Three Co^II compounds incorporating BDC^2- and py mixed ligands have been reported previously. Two have the same formula, i.e. {[Co(BDC)(py)₂(H₂O)₂].2py.2H₂O}_n (Kumar & Doctorovich, 2012; Groeneman et al., 1999), and display similar one-dimesional chain structures wherein the BDC^2- ligands link the Co^II ions. However, they crystallize in different space groups, namely with P2₁/n and P2₁/c. The third compound, {[Co₂(BDC)₂(py)₄].py.2DMF}_n (DMF is di­methyl­formamide), is a two-dimensional network based on the dinuclear Co₂(µ₂-COO)₂ unit (Shi et al., 2003), featuring rhomboid cavities occulded by the solvate py molecules, with the DMF solvent molecules are located in the spaces between the two-dimesional layers. The Co^II ions in all these compounds, together with compound (II), display six-coordinated o­cta­hedral coordination enviroments. However, compound (II) with its double chain structure is totally different from the three previously reported structures.

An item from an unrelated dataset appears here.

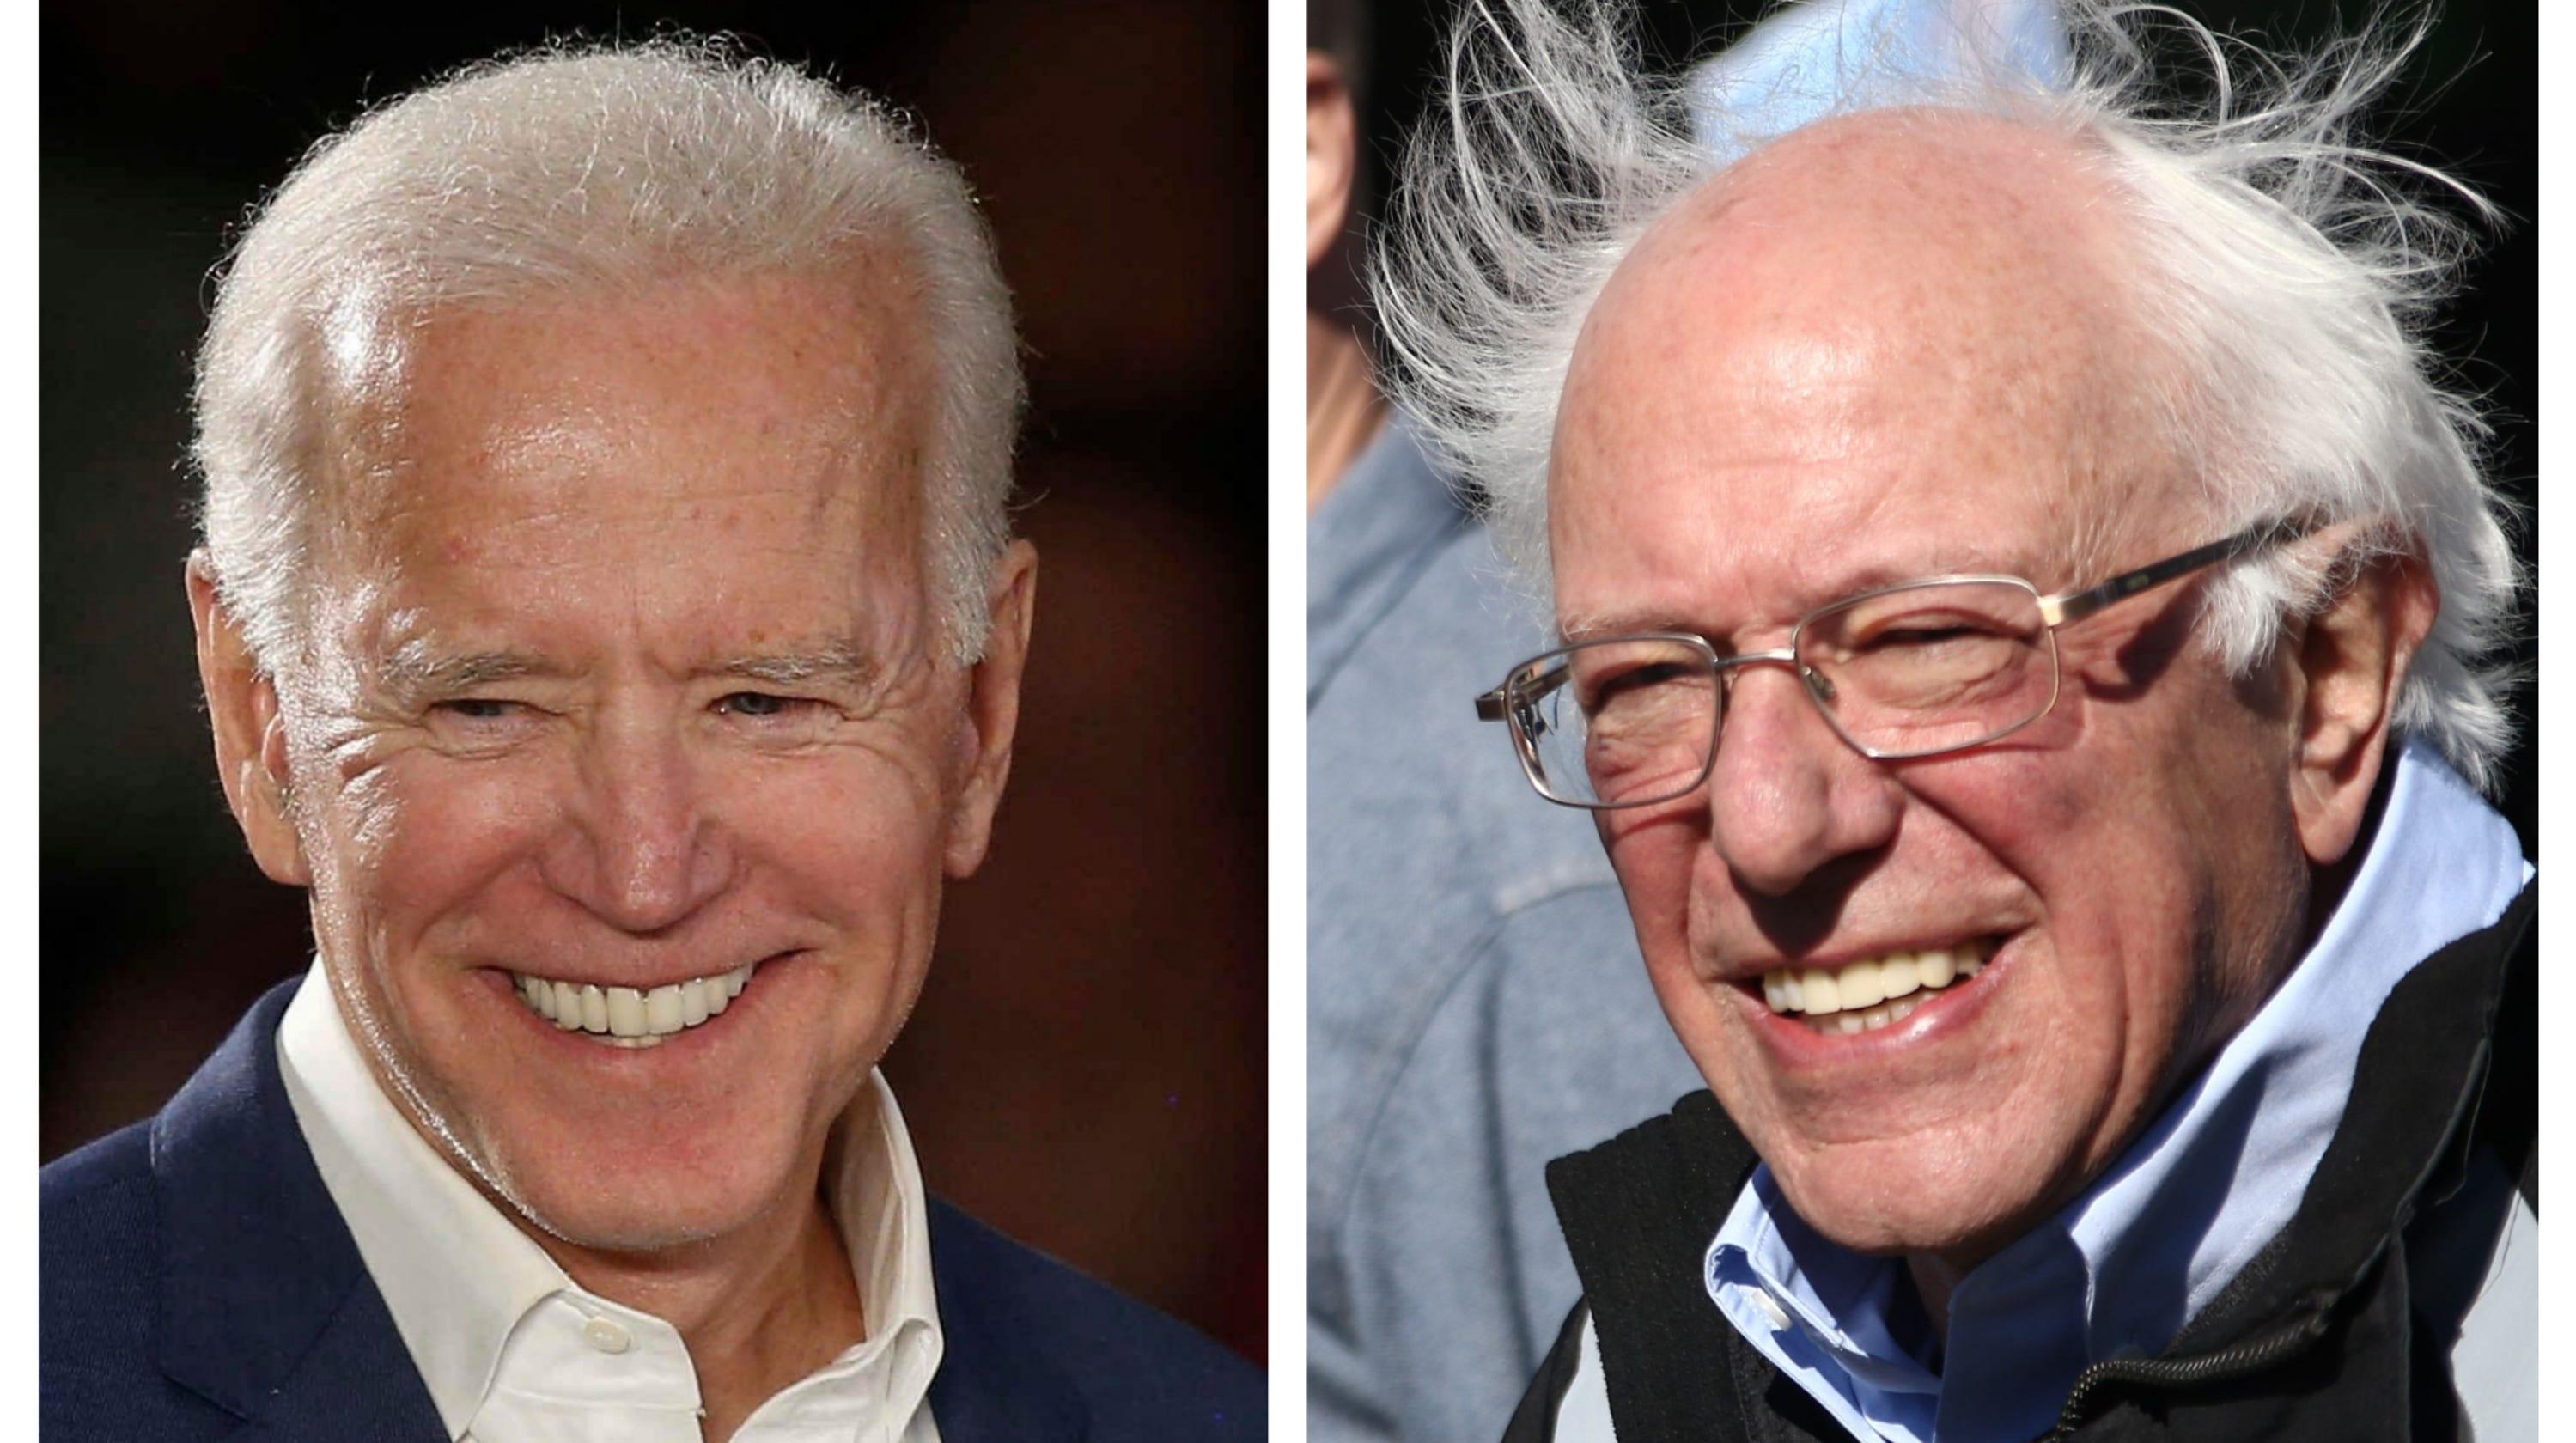 Iowa Poll: Biden, Sanders top early look at possible 2020

Compound (I) exhibits a broad photoluminescence emission centred at 434 nm with a shoulder peak at 470 nm upon excitation at 338 nm (Fig. 9). It has been reported that free H₂BDC exhibits a broad photoluminescence emission centred at 382 nm upon excitation at 314 nm (Song et al., 2012). The emission peak at 334 nm can be assigned to an intra-ligand fluorescence emission. Compared with the emission of free H₂BDC, a bathochromic shift was observed in the emssion spectrum of compound (I), which resulted from the coordination of Zn^II cations. The lower energy (470 nm) emission of compound (I) can be tentatively assigned to oxygen and nitro­gen to zinc ligand-to-metal charge-transfer (LMCT) transitions, which is similar to what if found in other Zn^II compounds (Zheng & Chen, 2004).